◆ Work instruction ◆
The pictures are to be left out, and all remaining data is to be transcribed exactly as it appears.
==== Information supplied
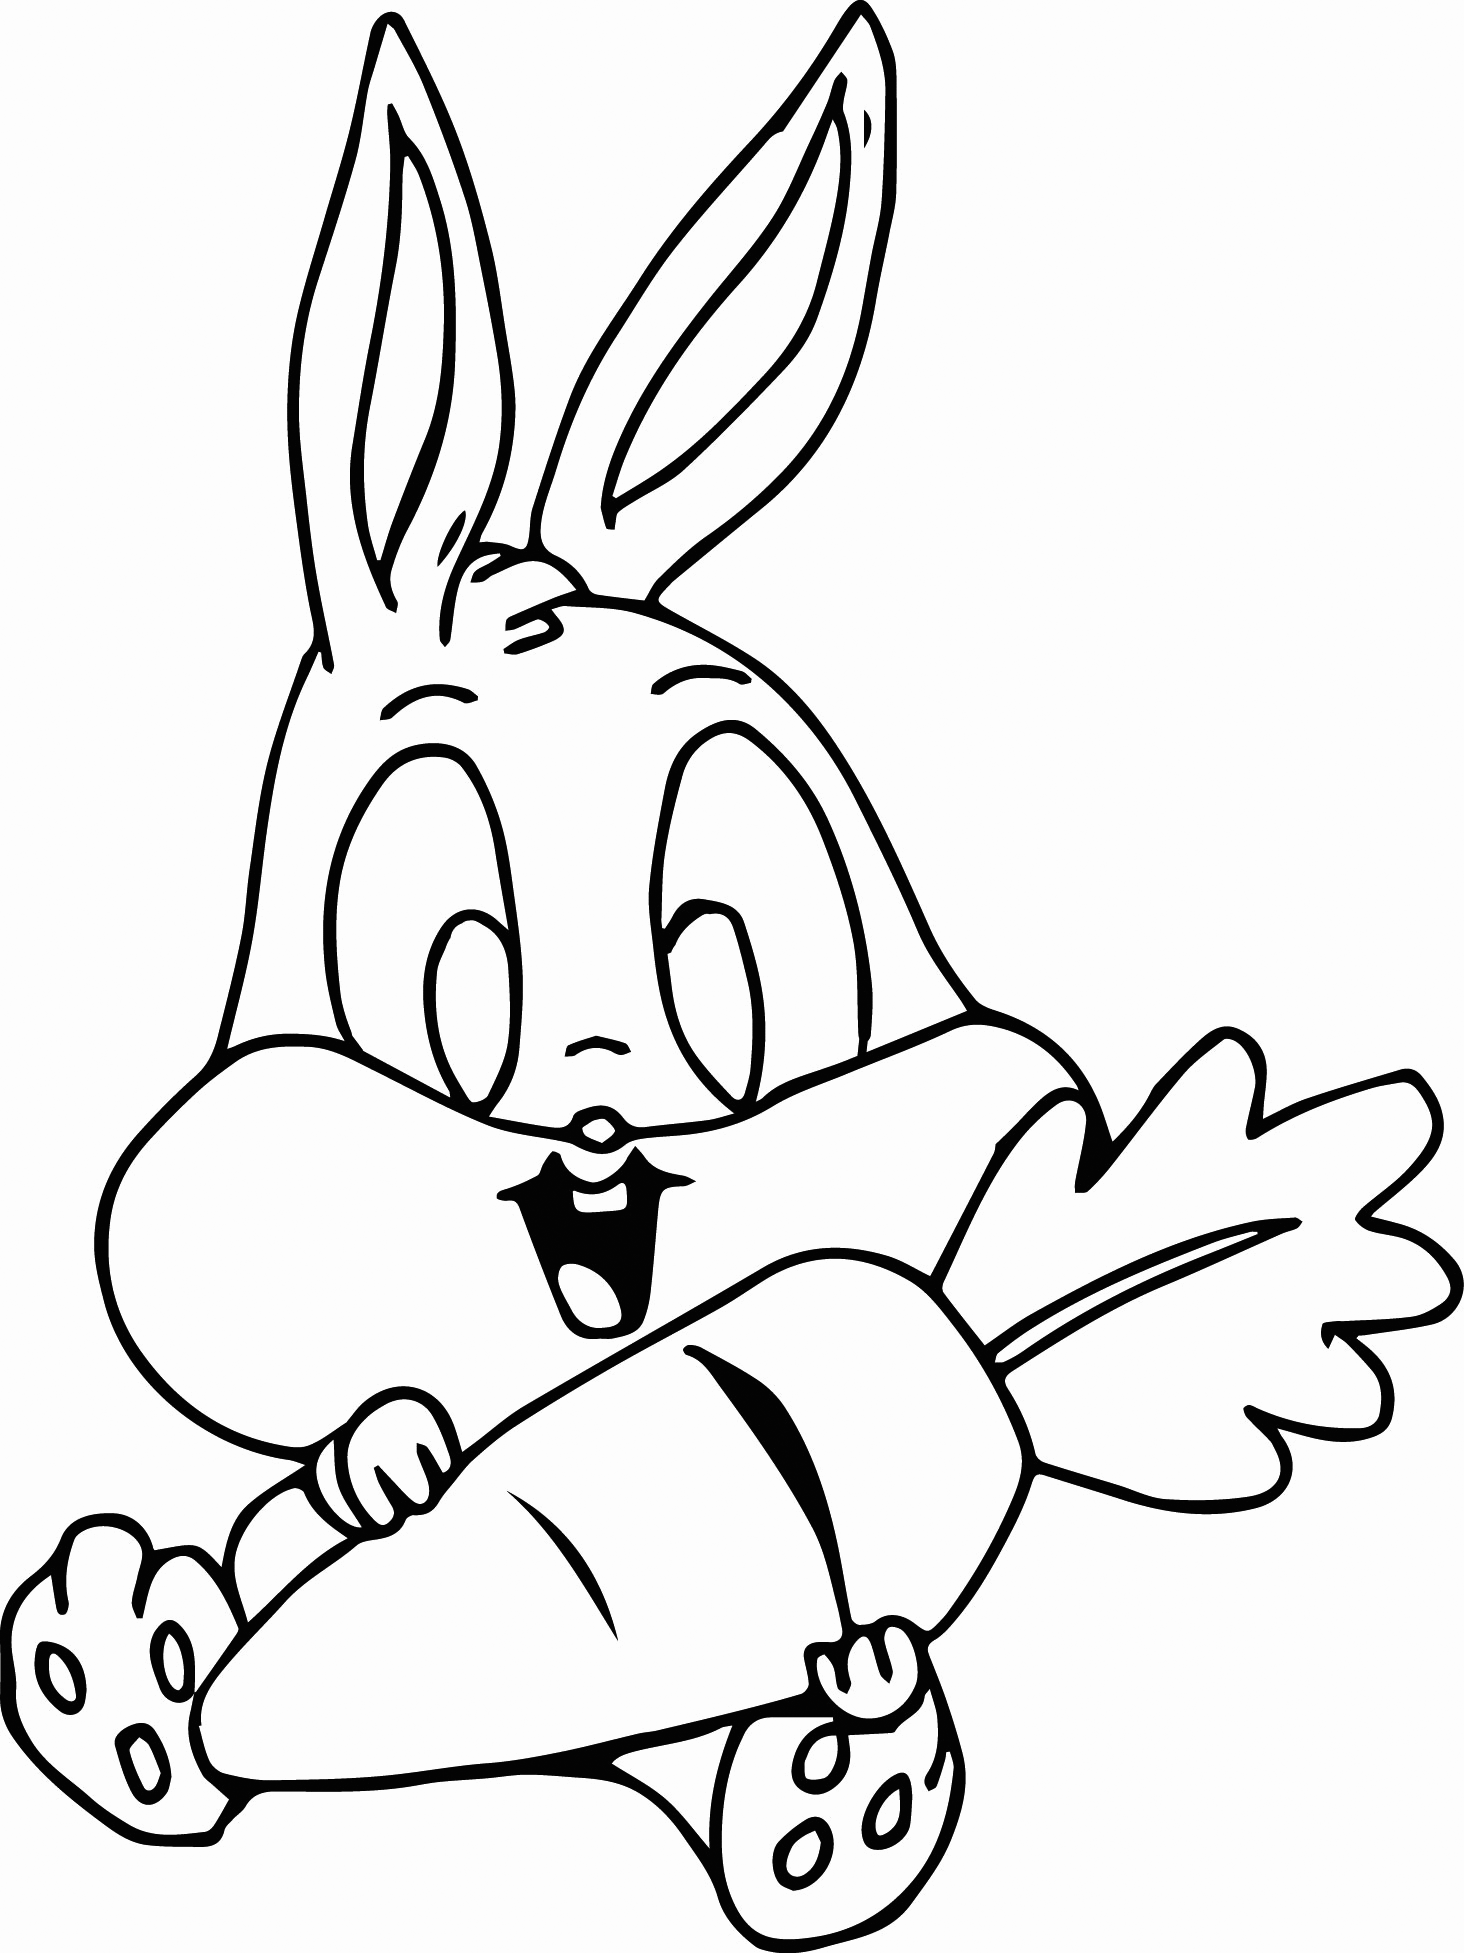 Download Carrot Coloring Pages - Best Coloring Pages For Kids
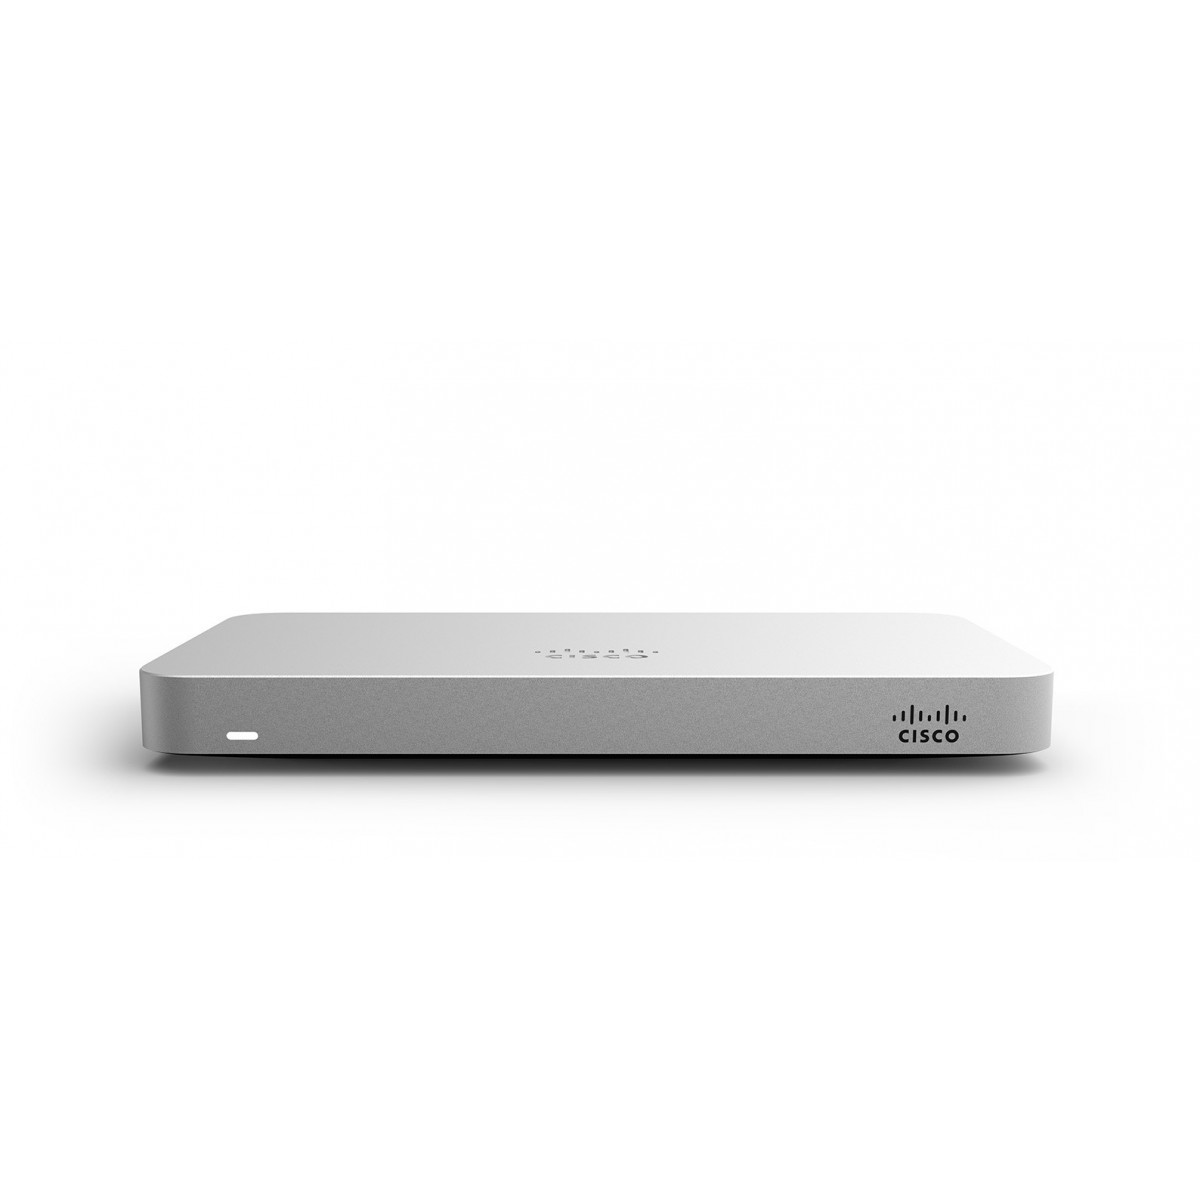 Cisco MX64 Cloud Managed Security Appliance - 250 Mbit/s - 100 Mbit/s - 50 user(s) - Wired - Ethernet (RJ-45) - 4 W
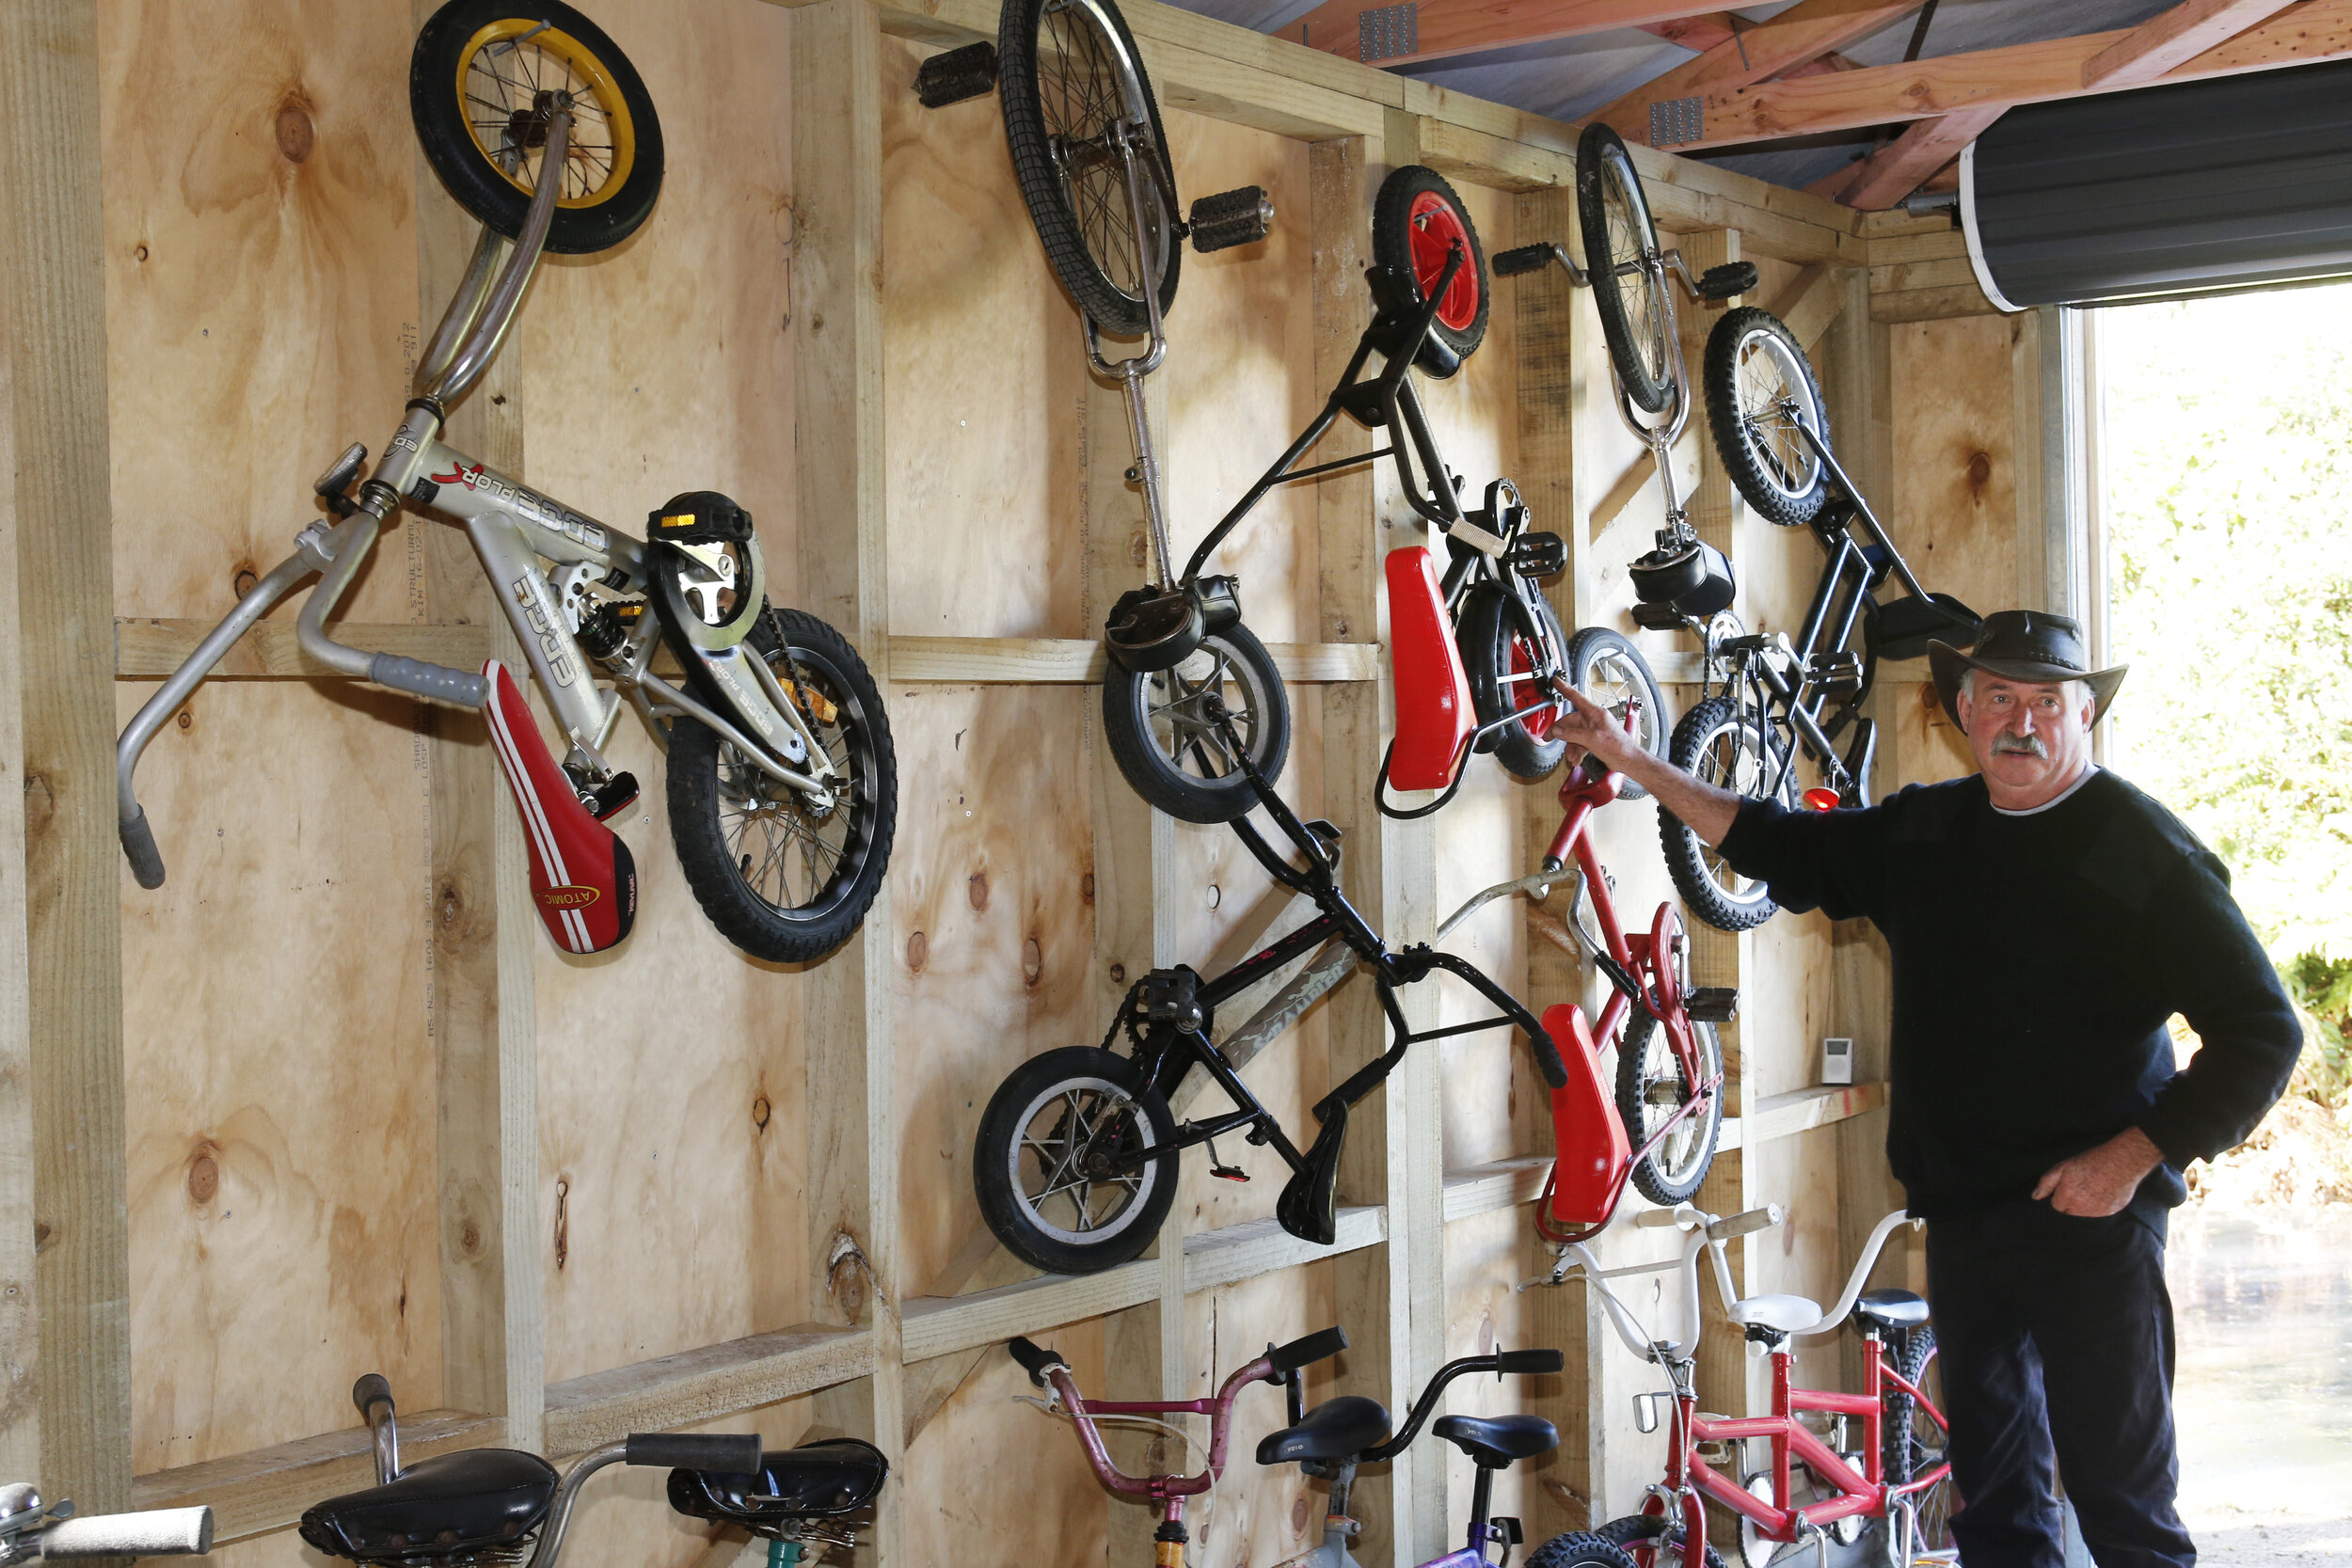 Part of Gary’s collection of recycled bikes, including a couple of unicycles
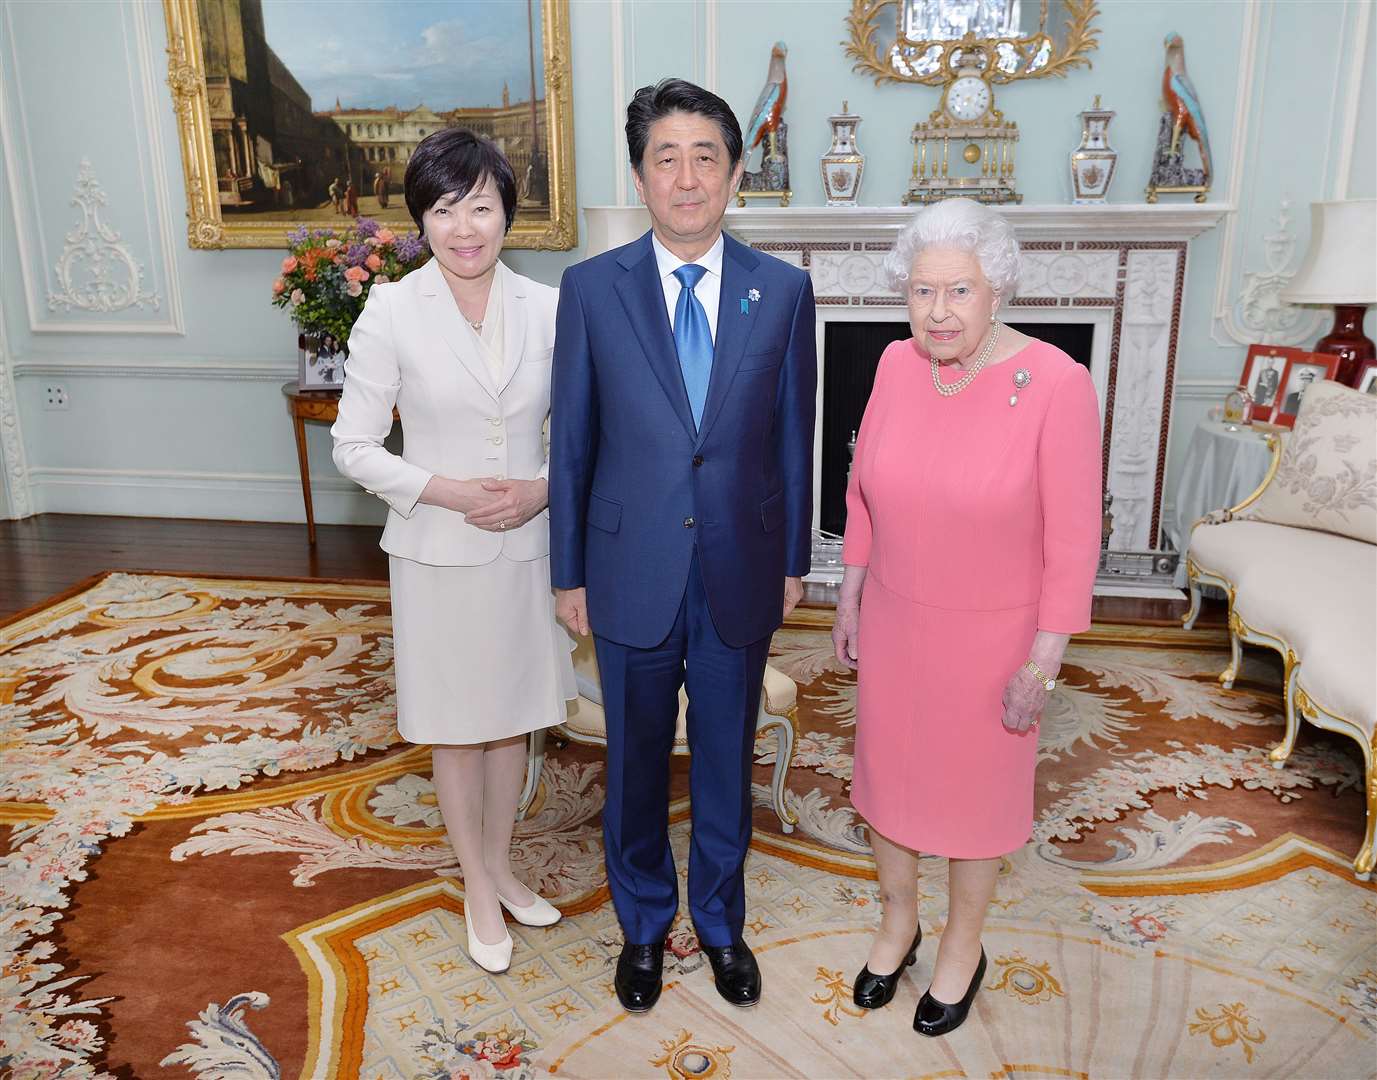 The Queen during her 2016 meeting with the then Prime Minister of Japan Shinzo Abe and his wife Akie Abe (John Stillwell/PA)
========
◆ Task response ◆
 Download Carrot Coloring Pages - Best Coloring Pages For Kids
 Cisco MX64 Cloud Managed Security Appliance - 250 Mbit/s - 100 Mbit/s - 50 user(s) - Wired - Ethernet (RJ-45) - 4 W
 Part of Gary’s collection of recycled bikes, including a couple of unicycles
 The Queen during her 2016 meeting with the then Prime Minister of Japan Shinzo Abe and his wife Akie Abe (John Stillwell/PA)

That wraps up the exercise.